Start of INPUT RECORDS
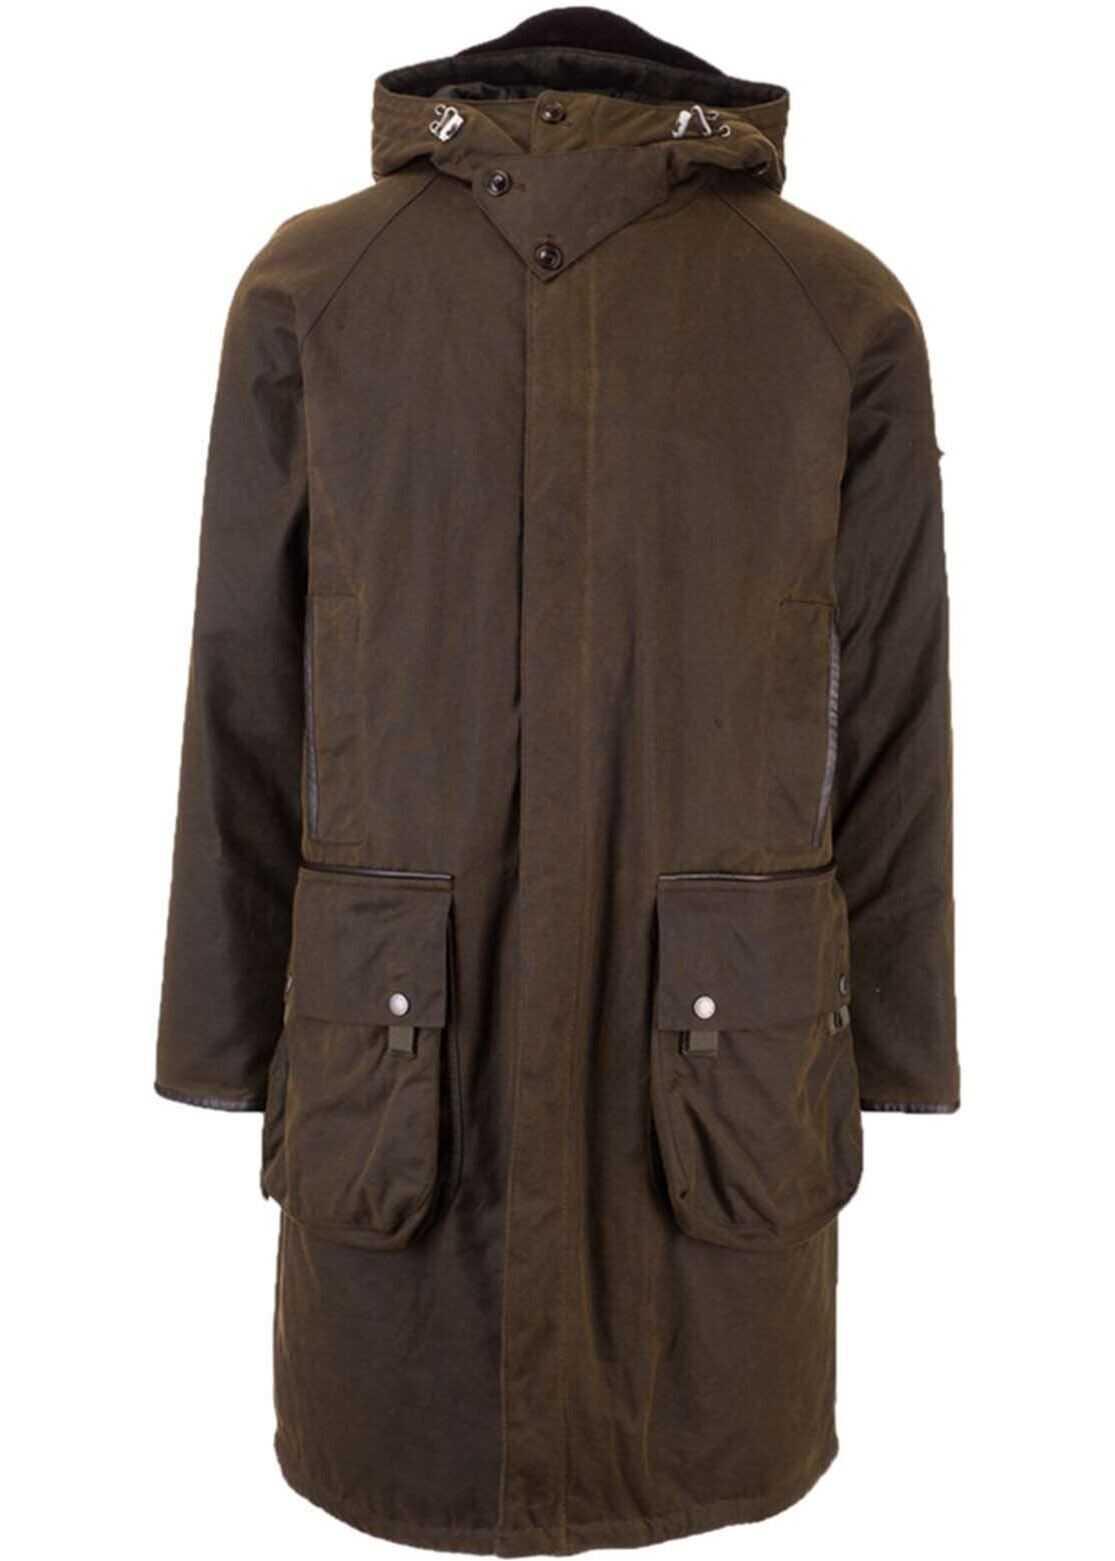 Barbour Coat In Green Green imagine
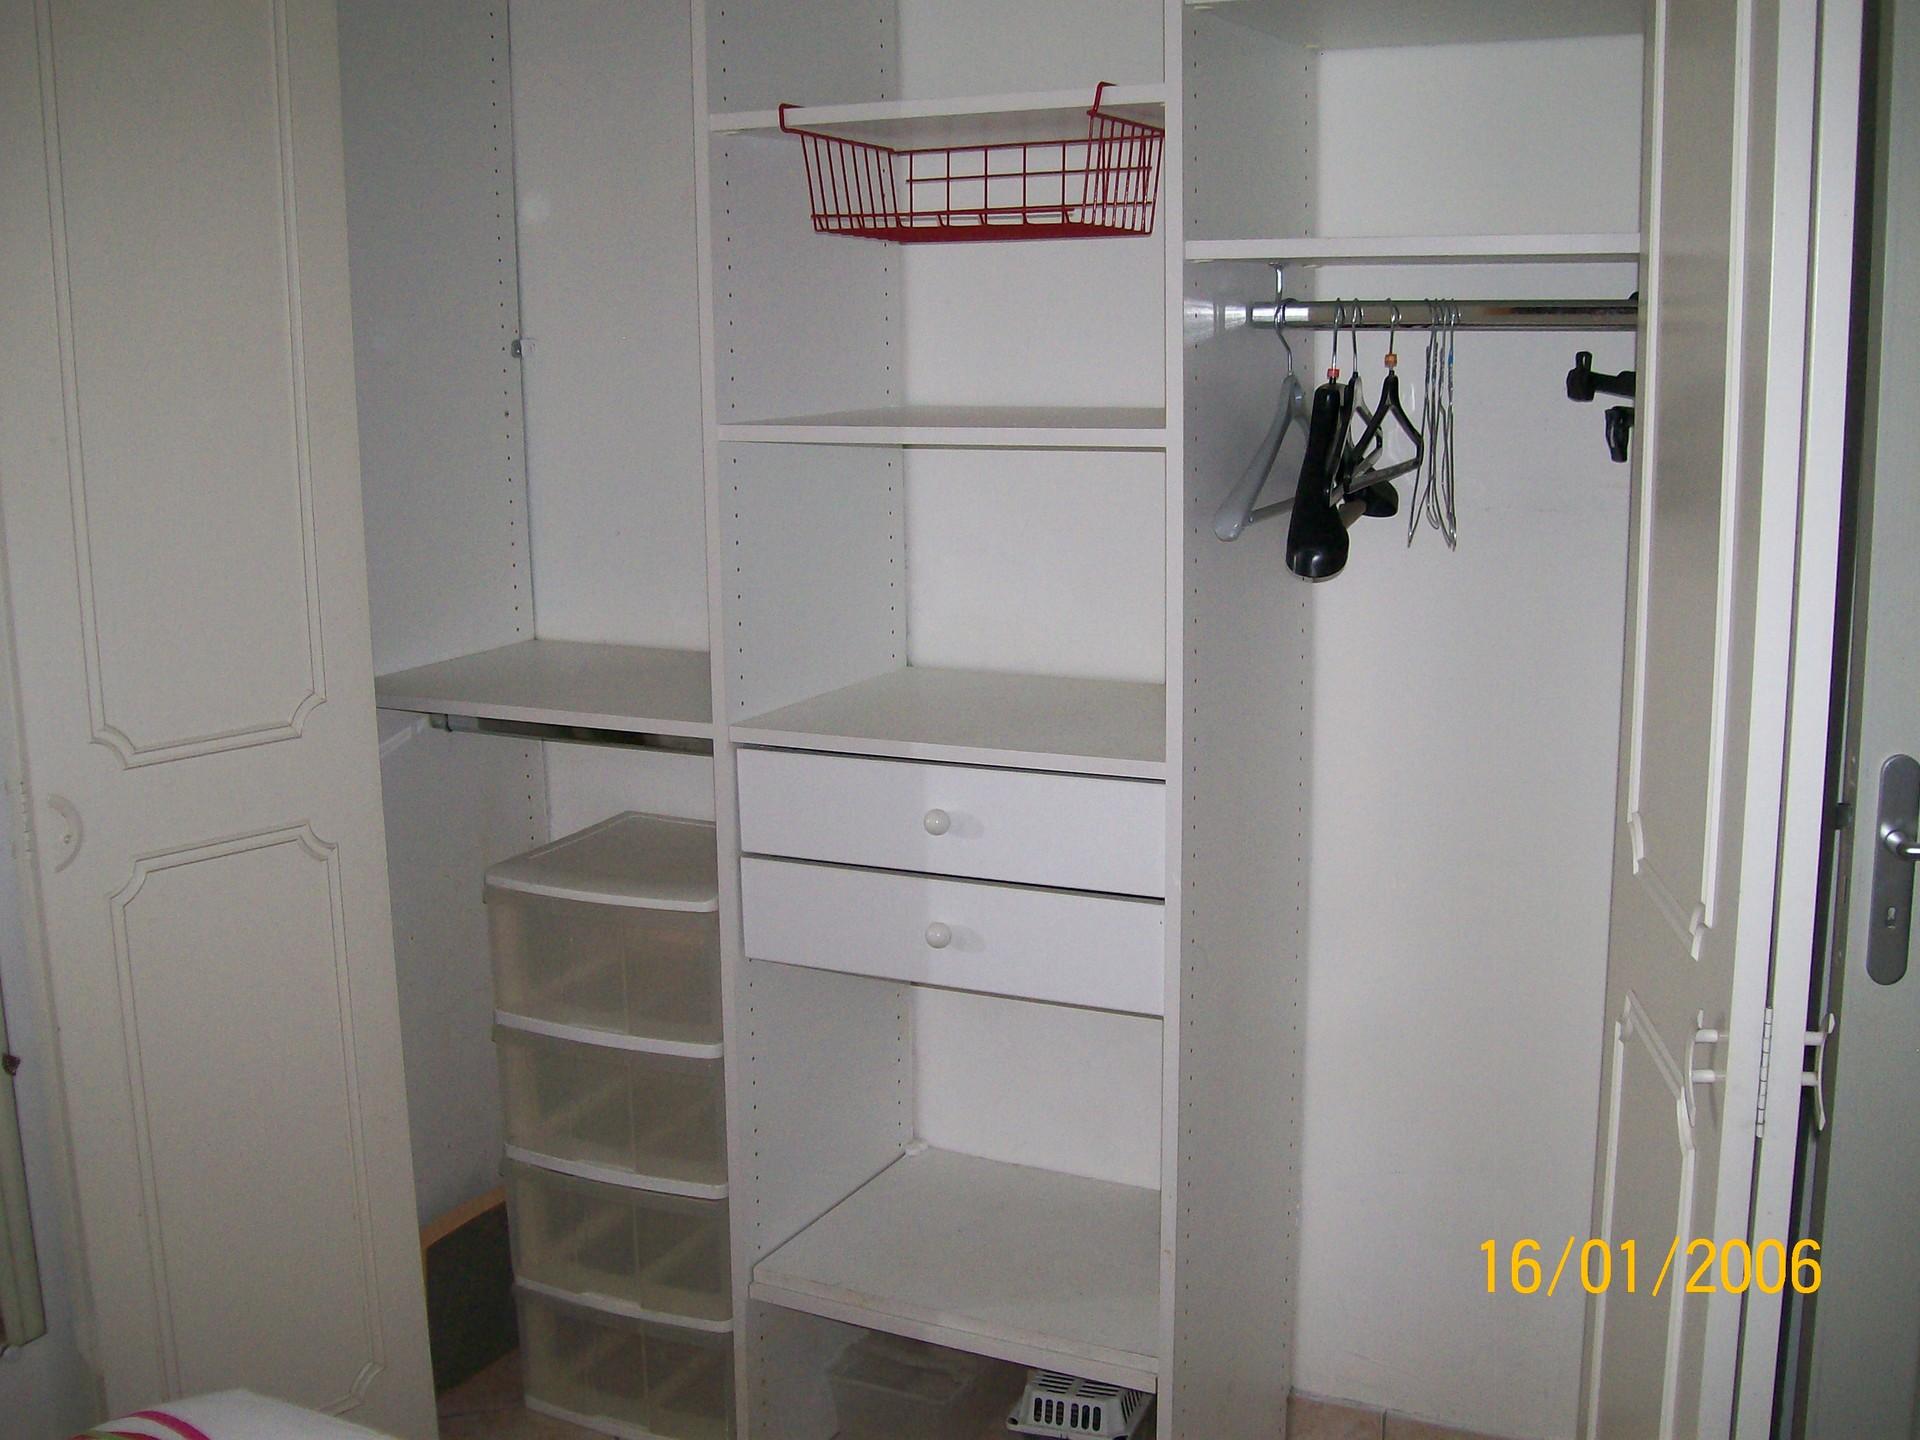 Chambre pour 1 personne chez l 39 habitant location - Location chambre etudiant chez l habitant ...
End of INPUT RECORDS
Start of INPUT RECORDS
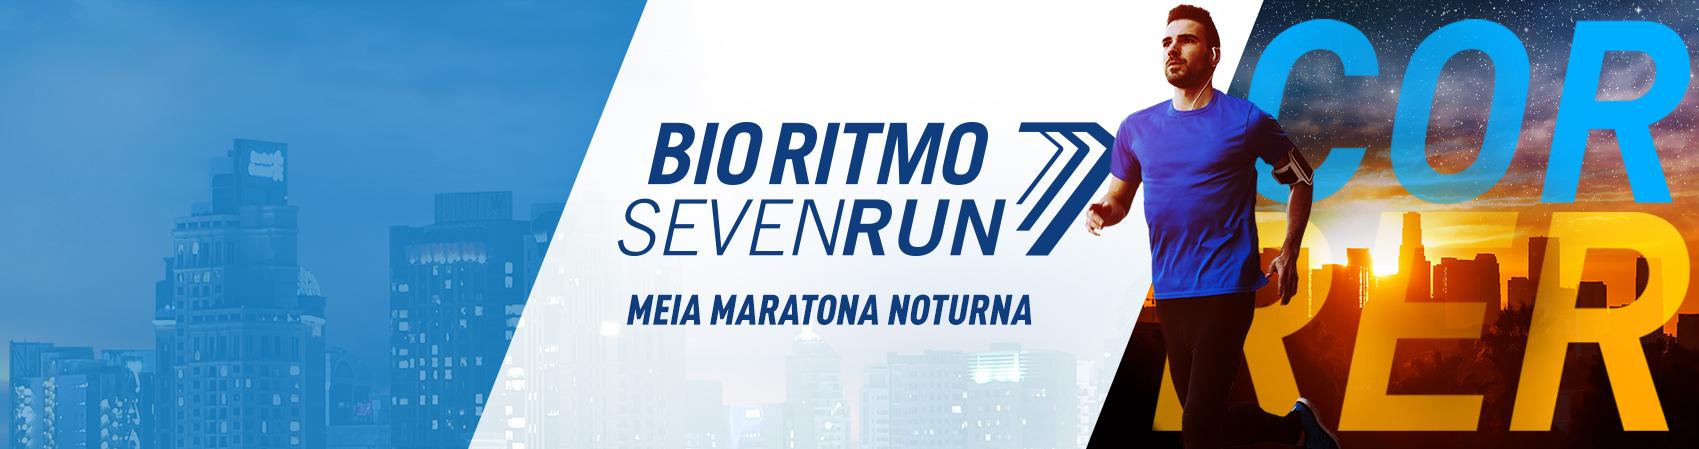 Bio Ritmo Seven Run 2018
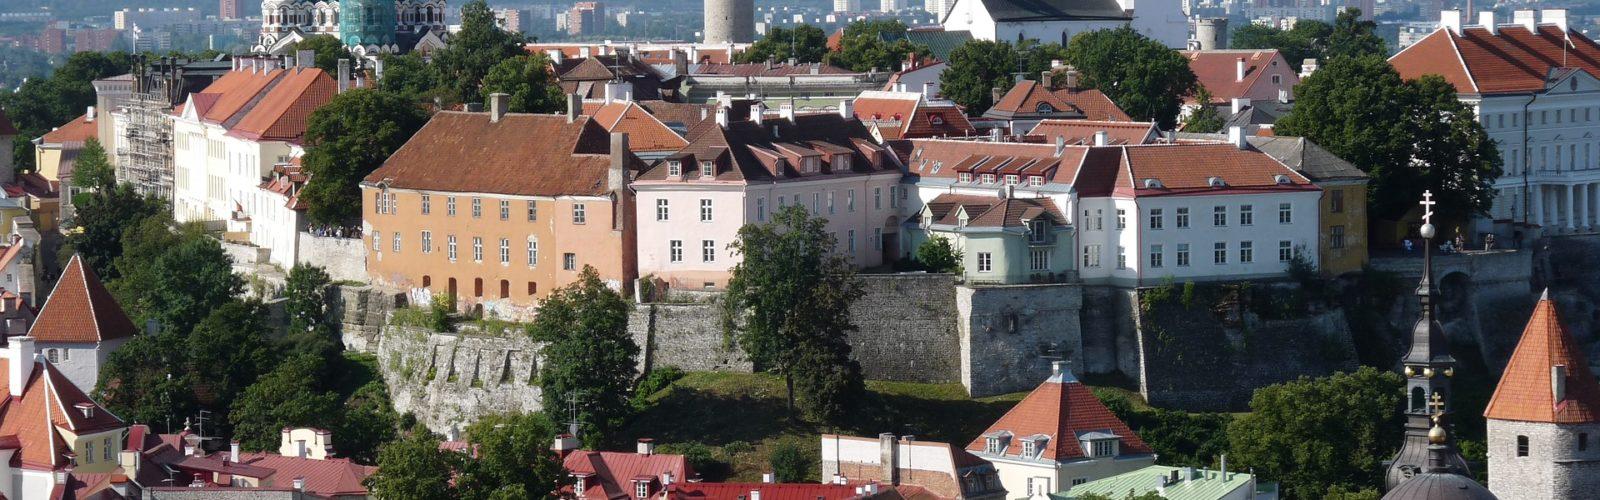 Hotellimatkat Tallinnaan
End of INPUT RECORDS
| PROBLEM |
Using the data above, retype exactly and only the lines from the one containing "Bio Ritmo Seven Run 2018" up to and including the one containing "Hotellimatkat Tallinnaan", with no pictures carried over.

| RESULT OF THE TASK |
 Bio Ritmo Seven Run 2018
 Hotellimatkat Tallinnaan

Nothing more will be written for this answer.